How can we go from being earthly minded to heavenly minded? We might think that it takes great effort of the will to change our paradigm. Yet, as with most endeavors with God, will power alone always falls short. The mind of Christ is a gift. It is a revelation, not something we figure out or achieve. Our finite minds alone can never comprehend the infinite. We know God only in togetherness with Christ. One of the greatest prayers is simply asking God to see as He does, for Him to give us His mind. This is seeking to know the Lord, and to know Him is to see the unseen and to partake of the divine.
We often read the scriptures with an eye on the finite rather than the infinite. We ask for the temporal blessing rather than the eternal. Yet, in doing so, we miss the heart of our Father. We earthly fathers know how to give finite blessings to our children, but our Father who is in the heavenly place gives us heavenly blessings, and we merely have to ask.
As we walk with God, He puts a new heart and a new mind in us. With this new paradigm, we become much more at home in the infinite than the finite. Our greatest treasure becomes God, and the riches of the New Covenant become our desire rather than the blessings of the old. This is the divine nature, God’s great gift to us (II Peter 1:4). When God puts His nature in us, it does not merely take us from evil to good. It takes us from flesh to spirit, from the finite to the infinite, and from the glory of man to the glory of God.

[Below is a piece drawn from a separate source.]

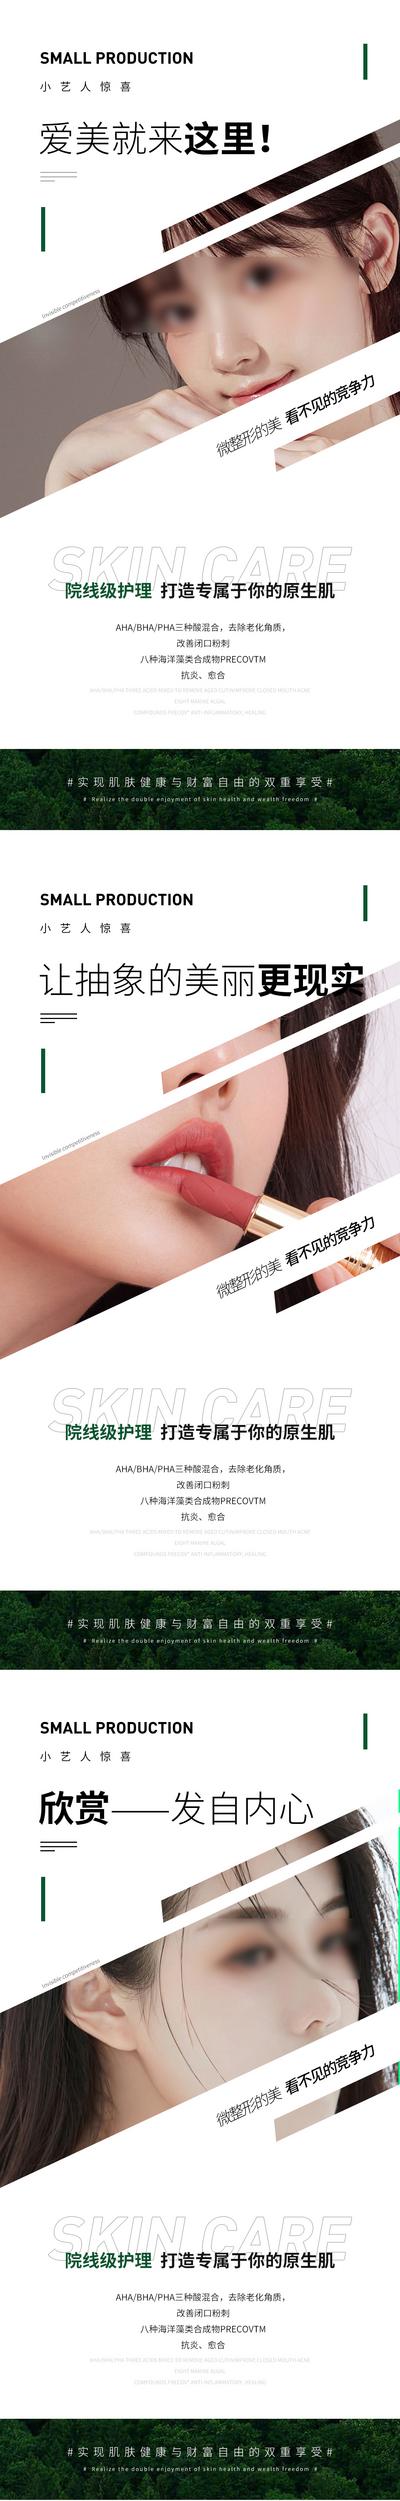 南门网 广告 海报 医美 人物 促销 整形 护理
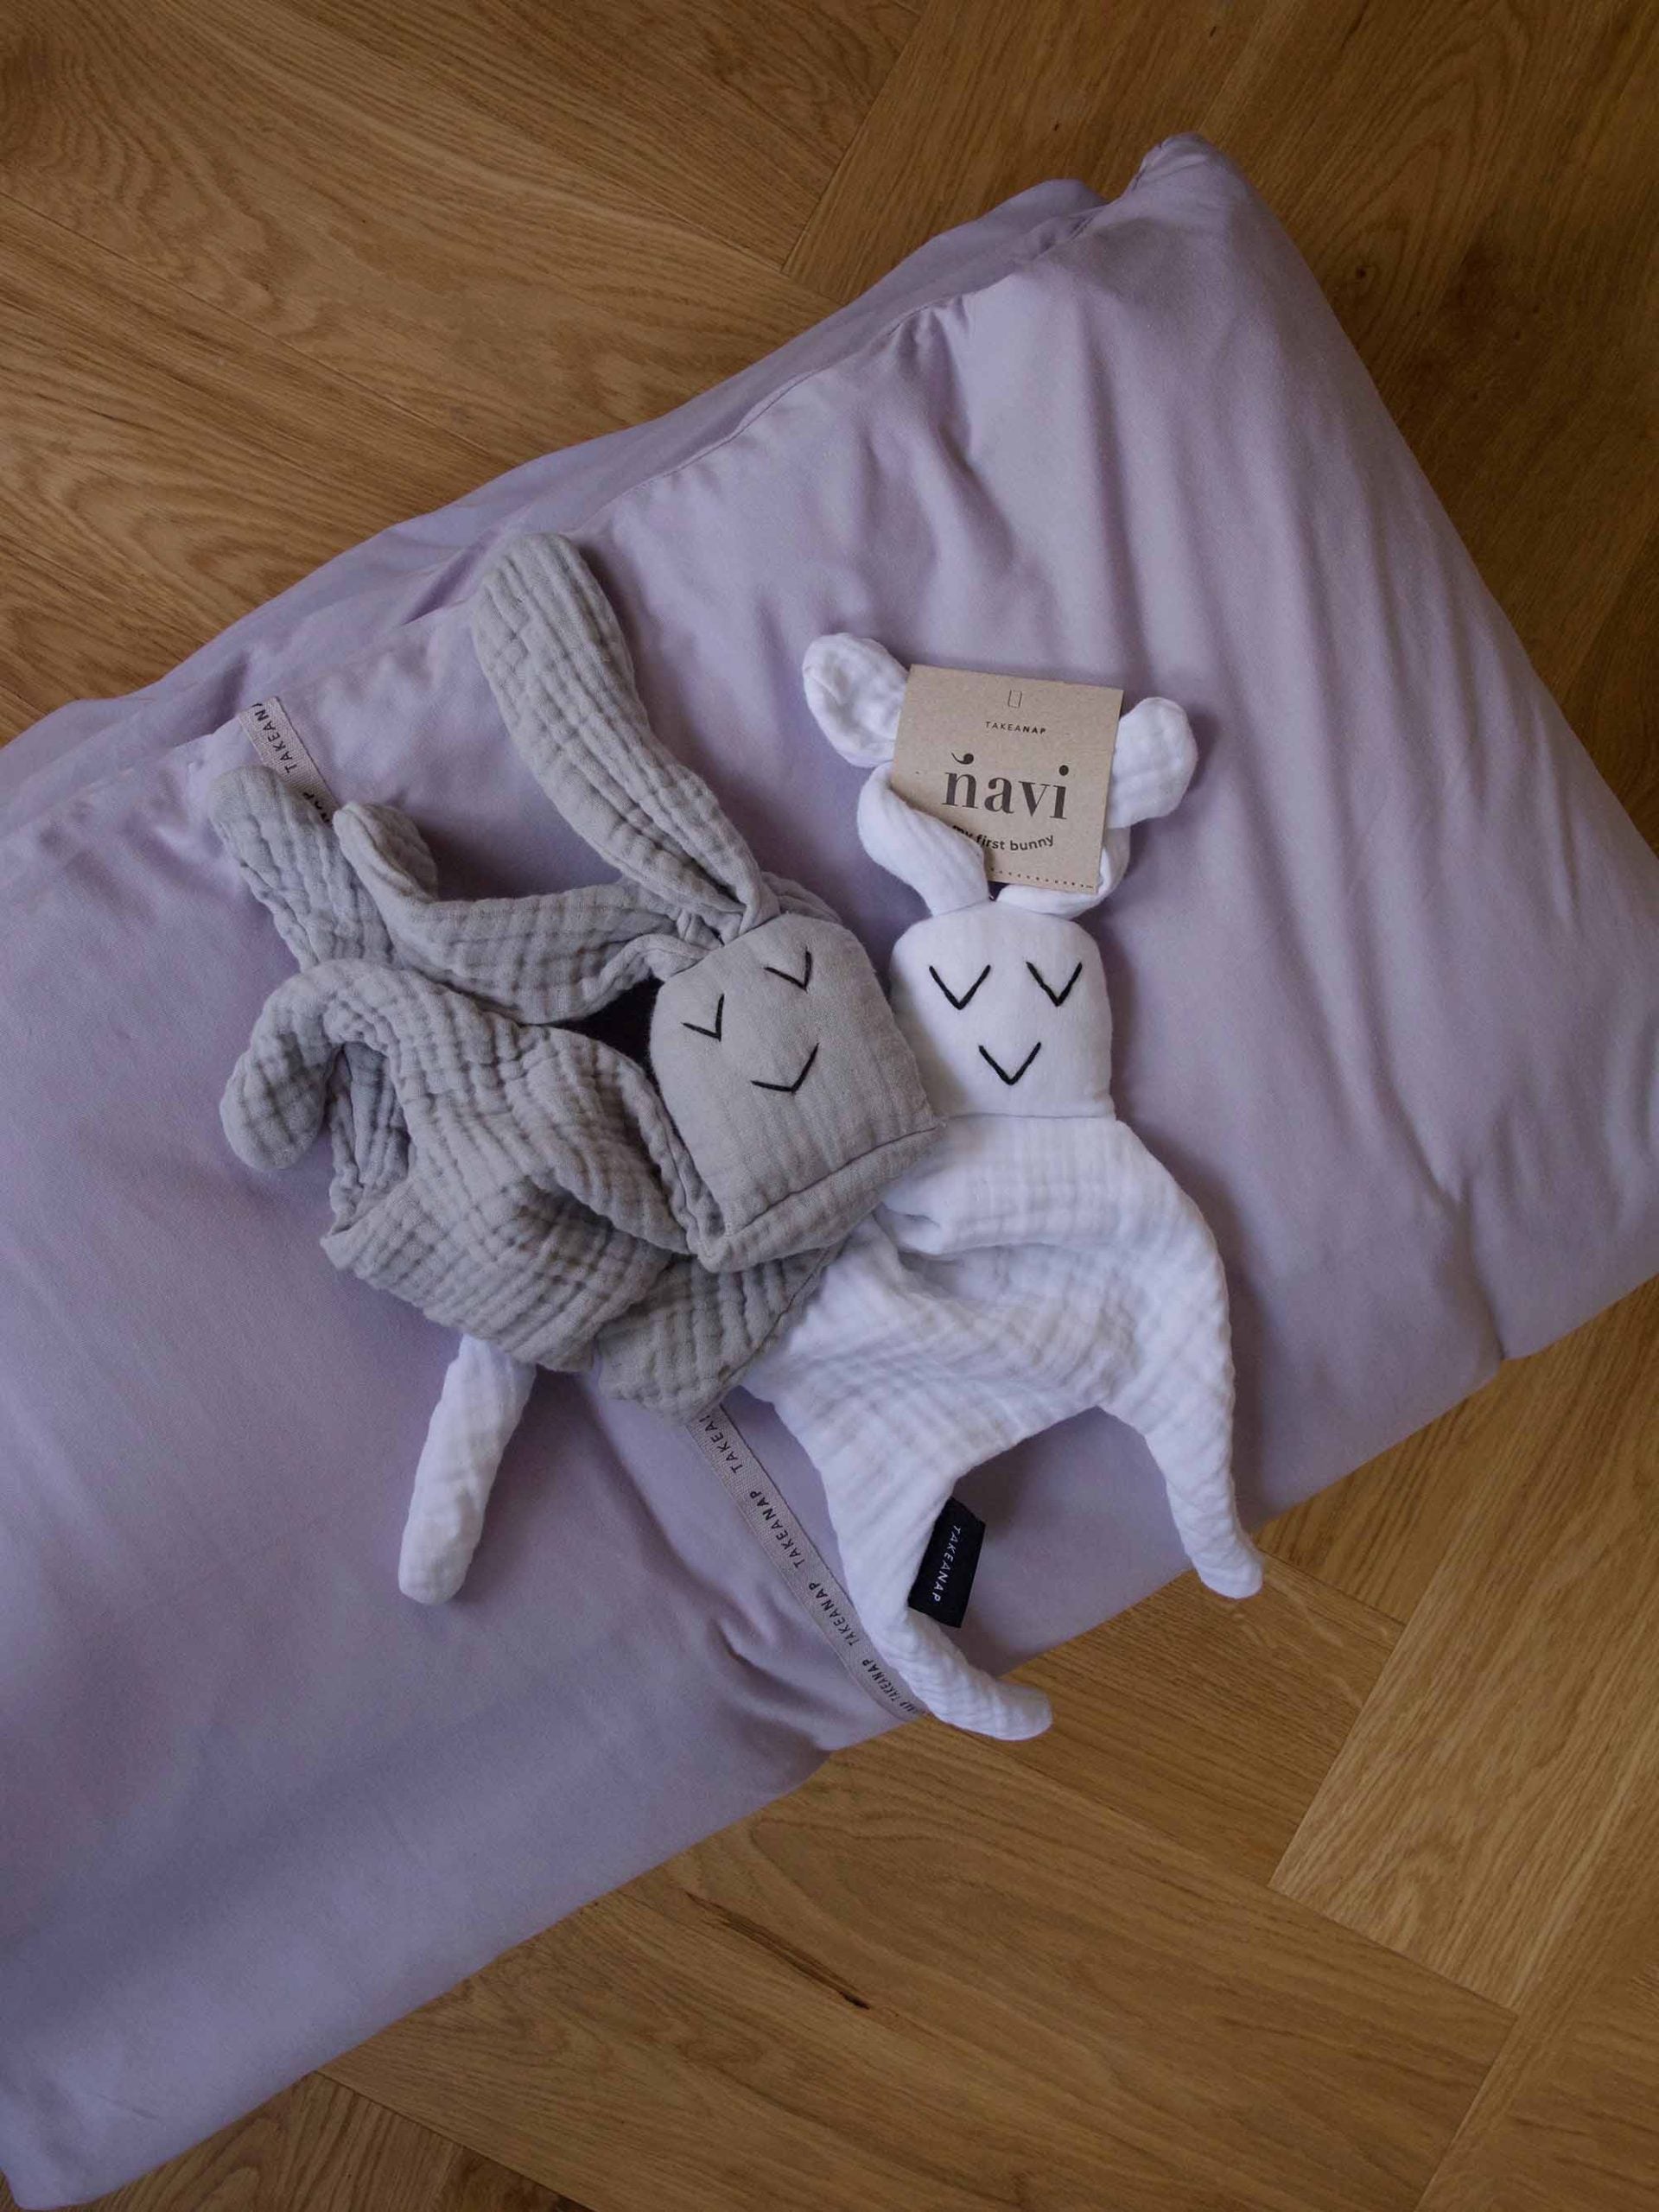 חפץ מעבר נבי ארנבי Dream לבן ואושן מונחים על כרית למיטה שהיא מונחת על רצפת פרקט

What do you think was Paul’s secret to contentment? We might think He knew how to use the power of God to have less abasing and more abounding. Because of his faith, he could conform the world to the image he wanted. Yet, such an interpretation fits neither this passage’s context nor the context of Paul’s life. He was content not because he found the power to make the world more to his liking, but because he lived in a higher place, a place unaffected by finite circumstances. To Paul living there was the power of God. He was in this world but not of it.
What do you see when you look at your life? Do you see good and bad circumstances or do you see Christ? The New Covenant compels us to redefine what life is. It is not found in having or not having, in achievement or in failure, or in any other thing man values, but in Christ alone.